Build a Custom Transformer in Pyspark with 1 Easy Example

In this article, we’ll work through the construction of our own custom Transformer in Pyspark. Transformers act on an input Dataframe, to yield a modified version of the same Dataframe. They form a key component to Pipelines, where a series of Transformers can be chained together to perform all the required data processing.

Table of Contents

Build a Custom Transformer in Pyspark with 1 Easy Example – image by author

What is a Transformer in Pyspark?

As mentioned in a previous article, a Pyspark Transformer is a class that takes in a Dataframe, and return a modified form of the Dataframe. Typically, although not exclusively, this modification comes in the form of an additional column, that contains the results of a calculation. These classes are required to have a transform method.
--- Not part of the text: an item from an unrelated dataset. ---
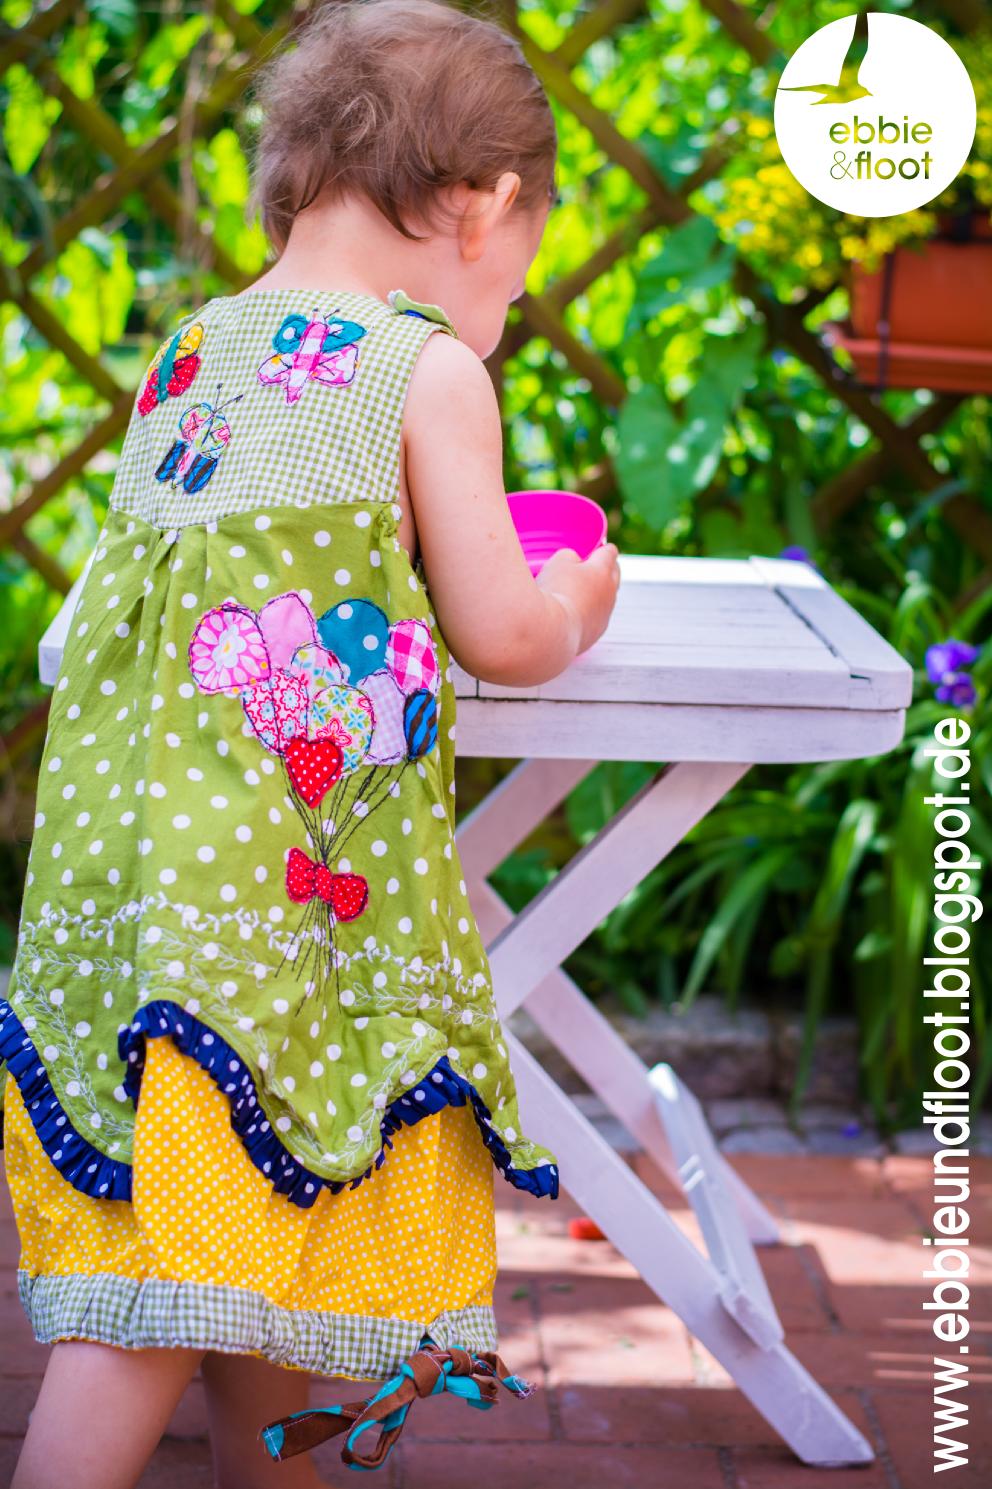 ebbie und floot_farbenmix_Cara_Kleid_Dress_birthday dress_Cake_Ballon_ribbons_ruffels_green_dots_02

A high-level overview, of how a Transformer works, is illustrated in Figure 1:

Figure 1: Illustration of a Transformer, and its inputs and outputs. The input Dataframe is passed in through the transform() method, and the output Dataframe is returned.

The use of Transformers helps to create modular, reusable code. When defining our own Transformers, there are a couple of points to consider:

The class must inherit the Pyspark Transformer abstract class
If you want the ability to save/load your Transformer, the class should also inherit the DefaultParamsReadable and DefaultParamWritable Pyspark classes

We will get into more details as we work through an example. So without any further delay, let’s jump into the code!

Custom Transformer in Pyspark Example

Let’s now work through the implementation of a custom Pyspark Transformer. We will incorporate this Transformer into a pipeline to complete a modeling job.

The aim of this pipeline will be to make use of a Decision Tree Regressor to predict housing values. We will make use of the California Housing Prices dataset. These data were briefly explored in a previous article, and as such I won’t repeat that analysis here.

We can start by importing the necessary packages, and setting up our spark session:

import findspark
findspark.init("/opt/homebrew/Cellar/apache-spark/3.5.0/libexec")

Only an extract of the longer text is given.